The latter strategy struggles with unknown unknowns or unexpected events. “At that point, you need people with multiple views and backgrounds to solve these problems effectively,” Baird added.

Narrowing the skills gap

Plus, the ever-rising list of requisite attributes in cybersecurity necessitates opening the talent pool to nontraditional candidates. “Increasing our recruiting across diverse populations is not only the right thing to do from an ethical perspective, but it also offers a practical way to help close the skills gap,” added Carpenter.

Kieran Waite, the principal cybersecurity consultant at London-headquartered recruitment firm Hamilton Barnes, echoed this observation. “There is a global cyber skills shortage of about 3.5 million people,” he said, “and neurodiversity is a way of not only filling the vacancies but filling them with people capable of coming up with newer ideas from many different perspectives.”

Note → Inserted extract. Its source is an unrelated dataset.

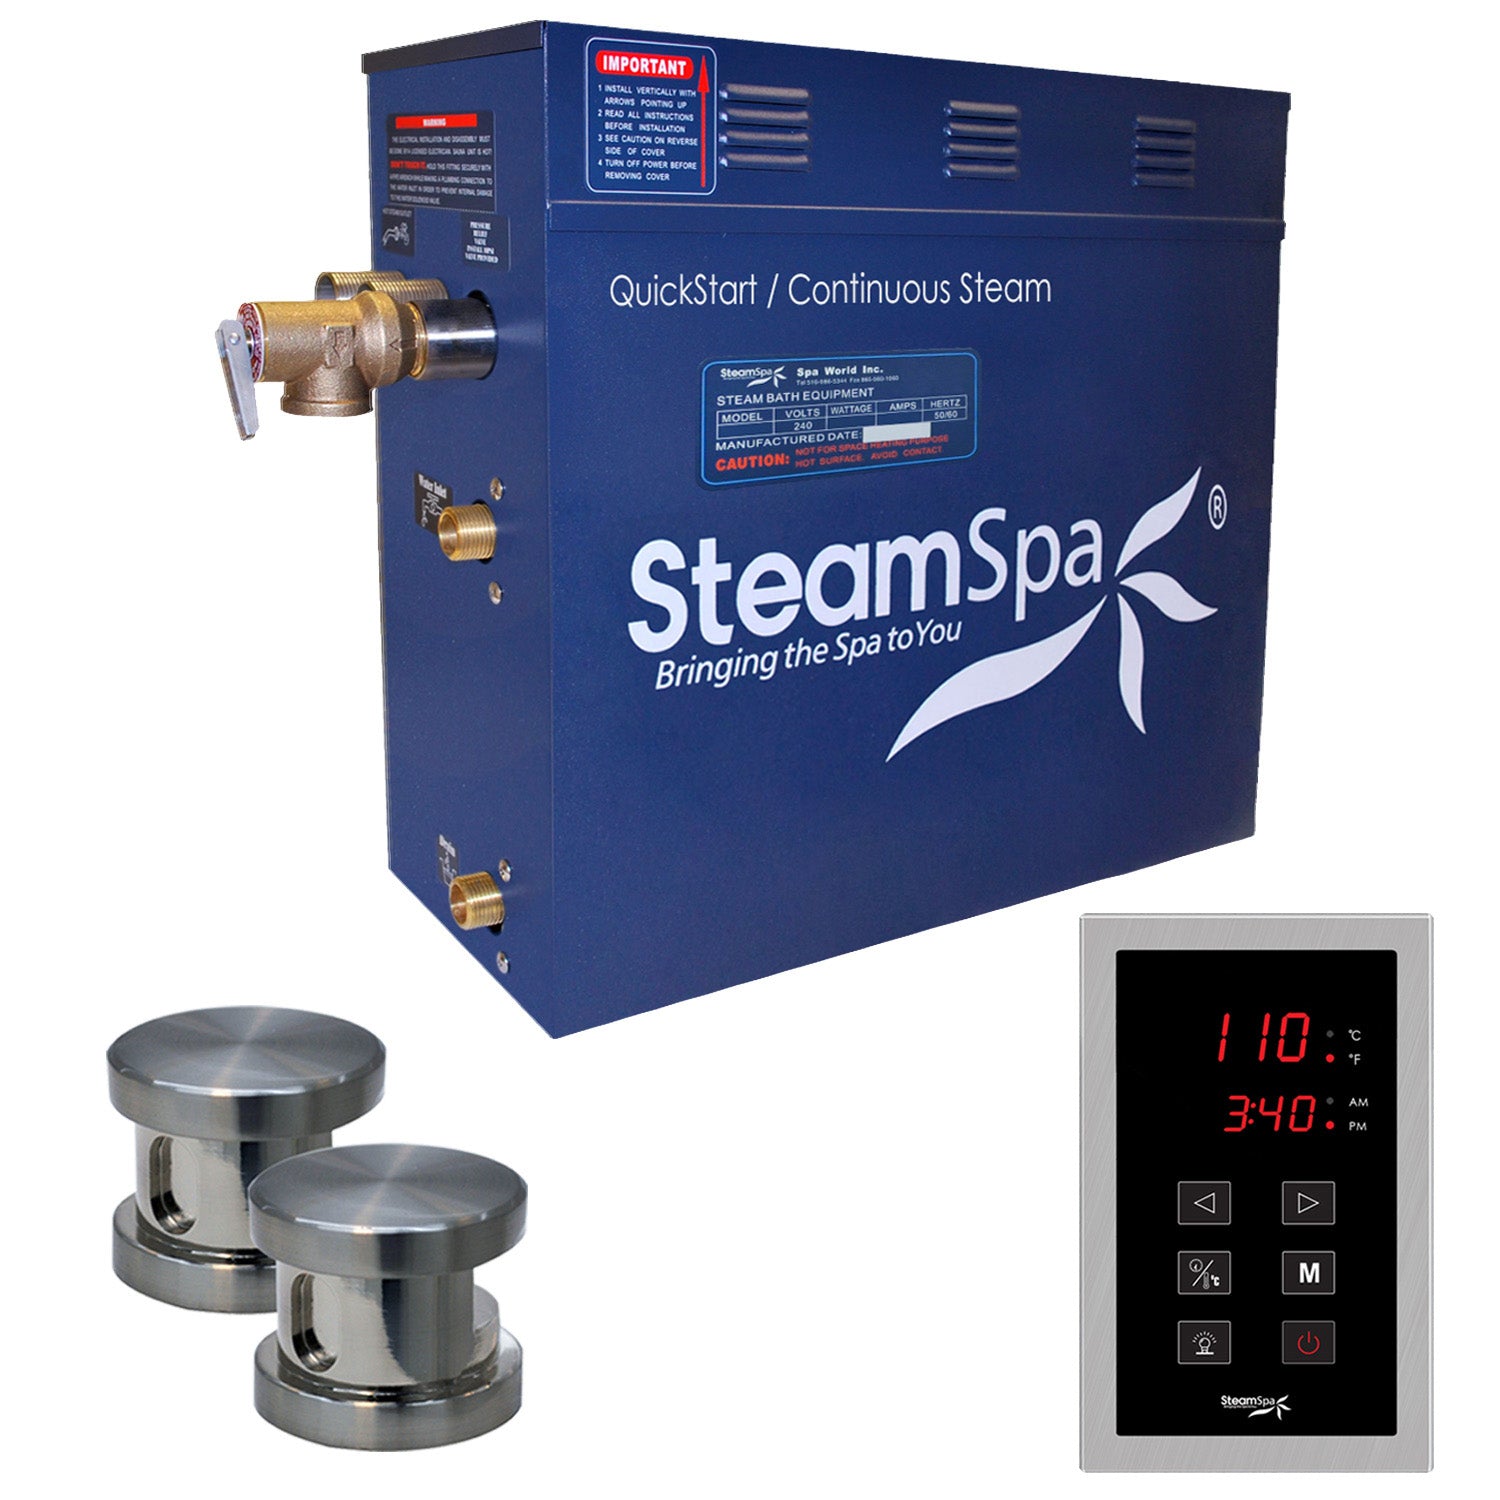 SteamSpa Oasis 10.5 KW QuickStart Acu-Steam Bath Generator Package - 9.5 in. L x 17 in. W x 15 in. - Stainless Steel - Brushed Nickel - Includes a 10.5kW QuickStart Acu-Steam Bath Generator, Touch Pad Control Panel, Two Steam heads, Pressure Relief Valve - OAT1050 - Vital Hydrotherapy
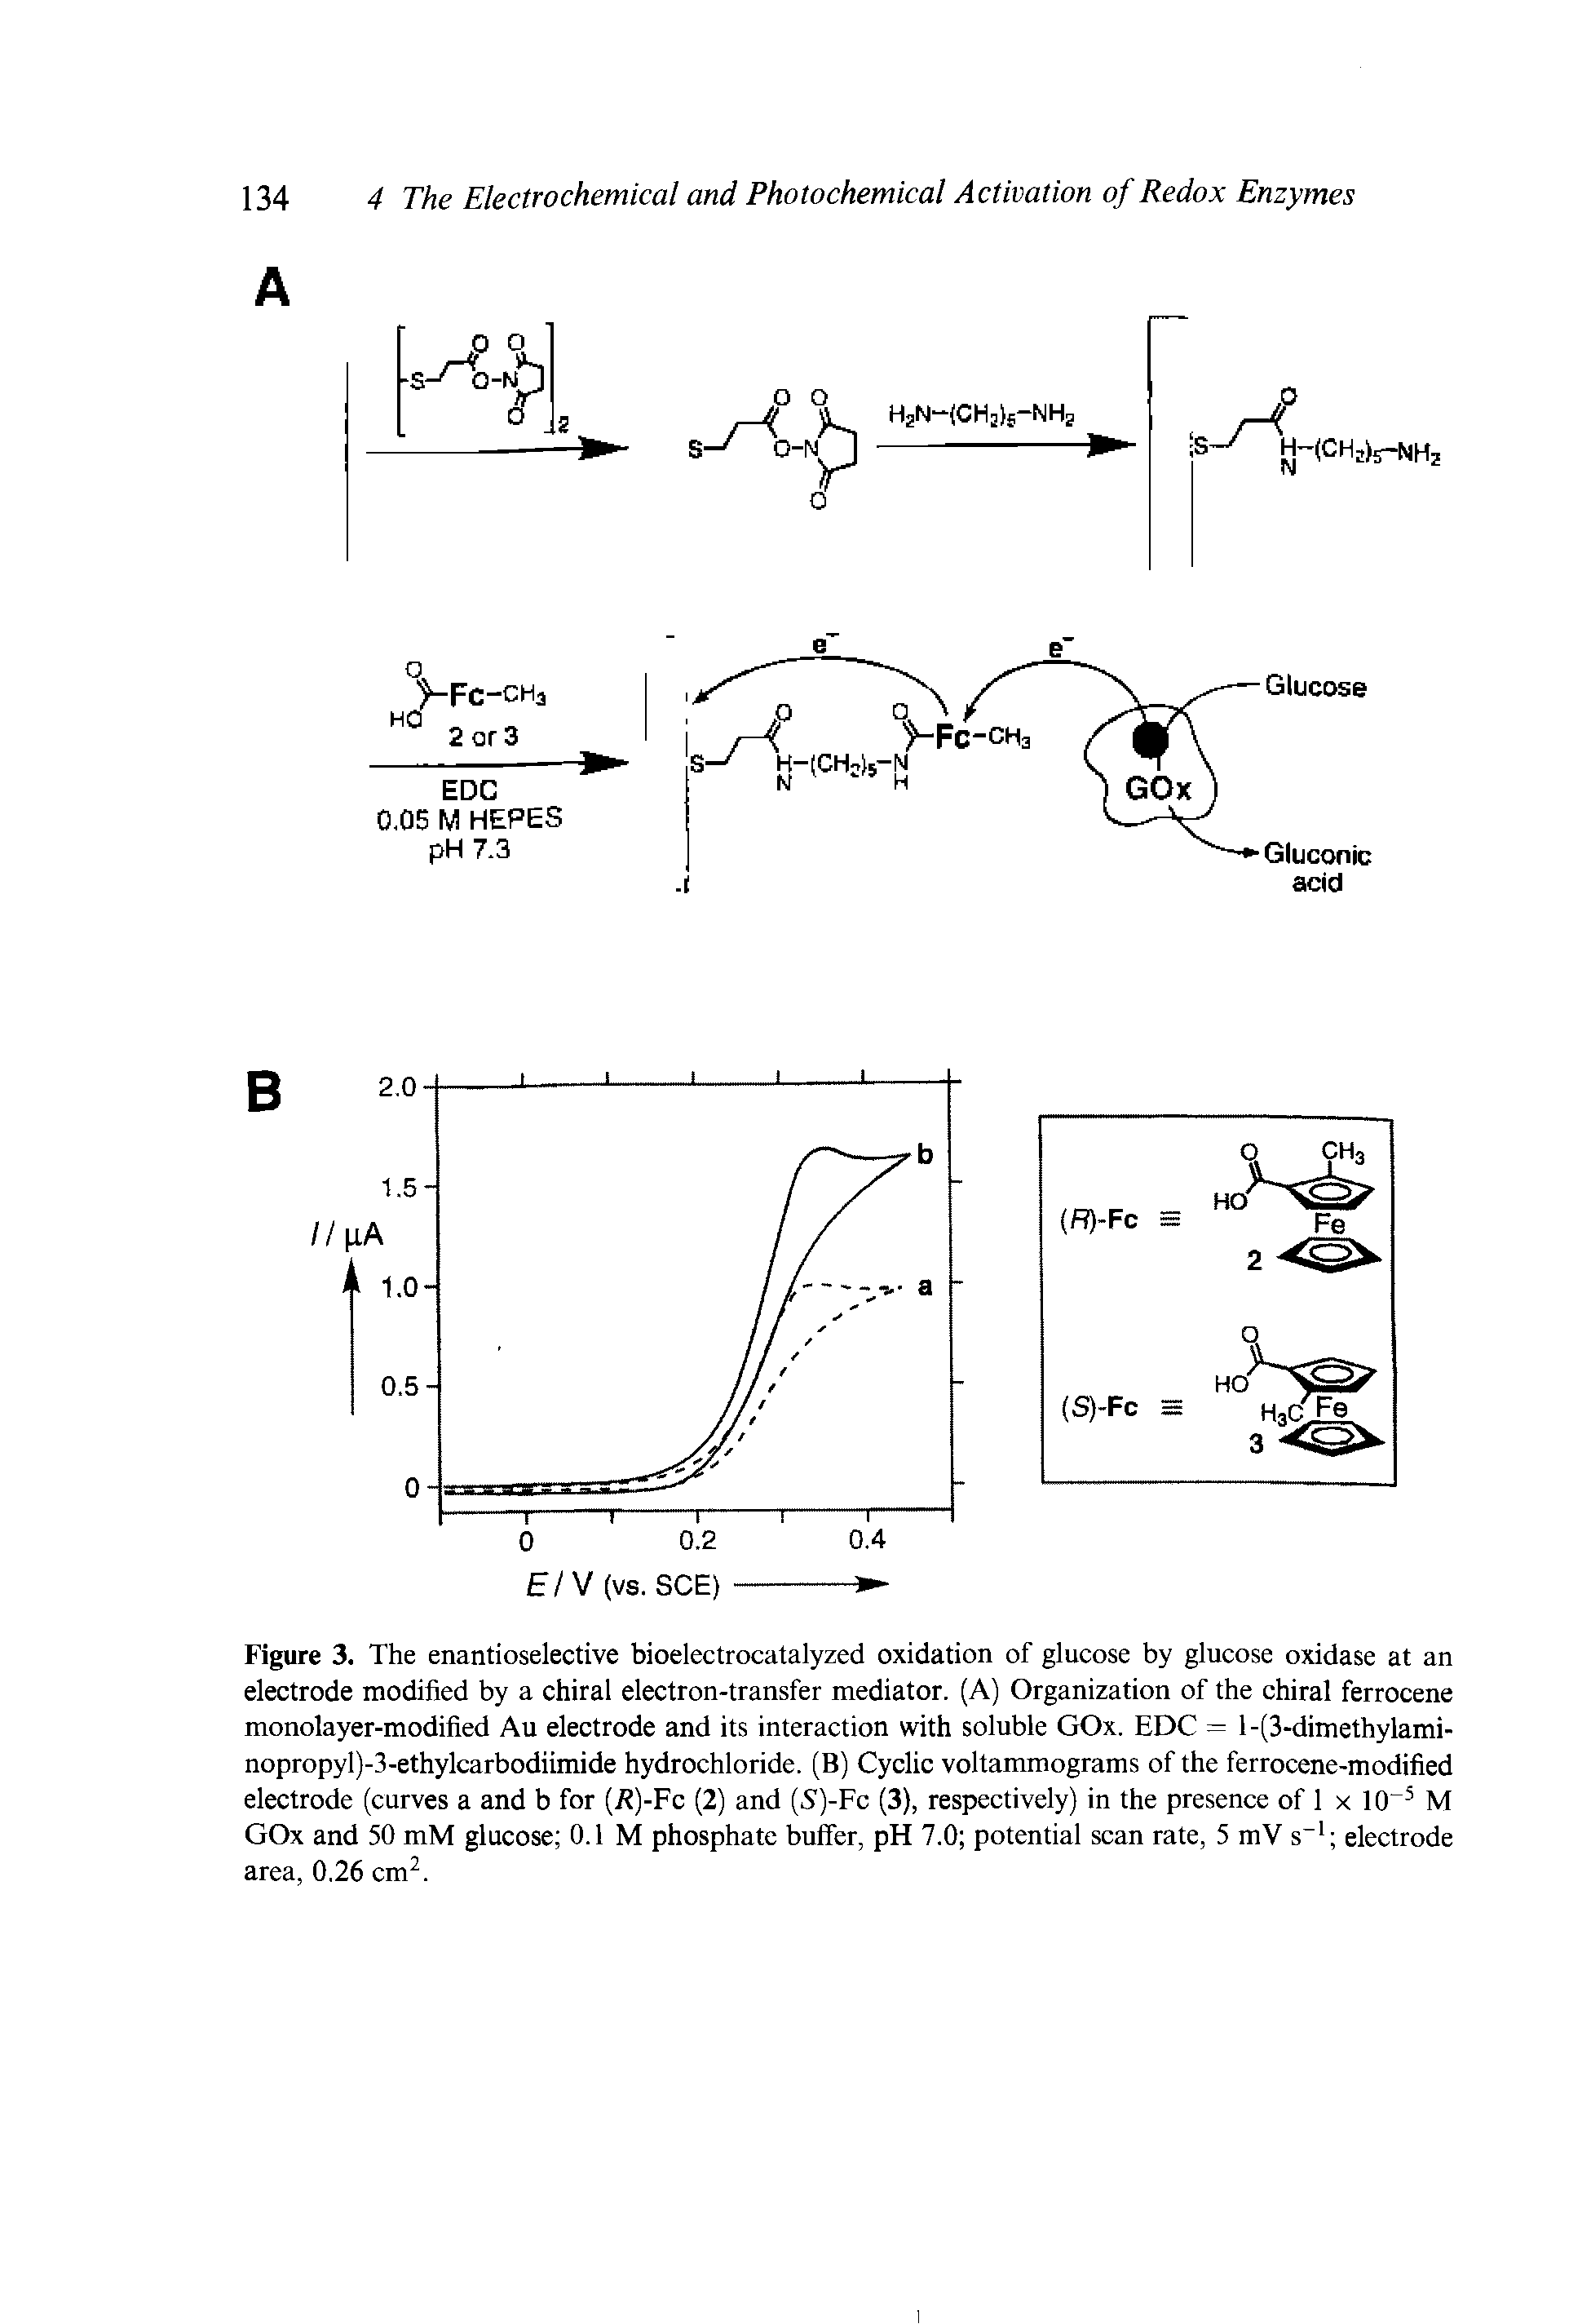 Figure 3. The enantioselective bioelectrocatalyzed oxidation of glucose by glucose oxidase at an electrode modified by a chiral electron-transfer mediator. (A) Organization of the chiral ferrocene monolayer-modified Au electrode and its interaction with soluble GOx. EDC = l-(3-dimethylami-nopropyl)-3-ethylcarbodiimide hydrochloride. (B) Cyclic voltammograms of the ferrocene-modified electrode (curves a and b for (i )-Fc (2) and (5)-Fc (3), respectively) in the presence of 1 x 10 M GOx and 50 mM glucose 0.1 M phosphate buffer, pH 7.0 potential scan rate, 5 mV s electrode area, 0.26 cm. ...

Waite explained that people with autism or ADHD “often demonstrate a keen attention to detail” and an ability to remain hyper-focused. “This is useful in many areas of cybersecurity, including in a ‘blue team’ tasked with defending against and responding to attacks,” he said. Blue team members need to identify anomalies, discover root causes of incidents, and sift through data and complex tasks for long periods. “These skills and traits are useful in many other areas of cybersecurity, too,” added Waite.

“There is a global cyber skills shortage of about 3.5 million people.”

Kieran Waite, the principal cybersecurity consultant at Hamilton Barnes.

Devin Blewitt, CIO at ITonlinelearning, a training provider and recruitment agency for people seeking a career in information technology, cybersecurity, project management and business analysis, urged other industries to take note. “For organizations currently not hiring neurodiverse talent, they are making a huge mistake and missing out on recruits who have a lot to bring to the table,” he said.

Indeed, Foxcroft stated that up to 20% of the global population is neurodivergent – and that’s just the people diagnosed. “The true figure is likely to be significantly higher,” she said. “So it’s in an organization’s best interest to support neuroinclusive working practices and culture and address bias surrounding neurodiversity.” 

Foxcroft stressed that this progressive approach would increase productivity, and supporting new and existing employees in the workplace would help attract and retain talent, whether neurodivergent or neurotypical.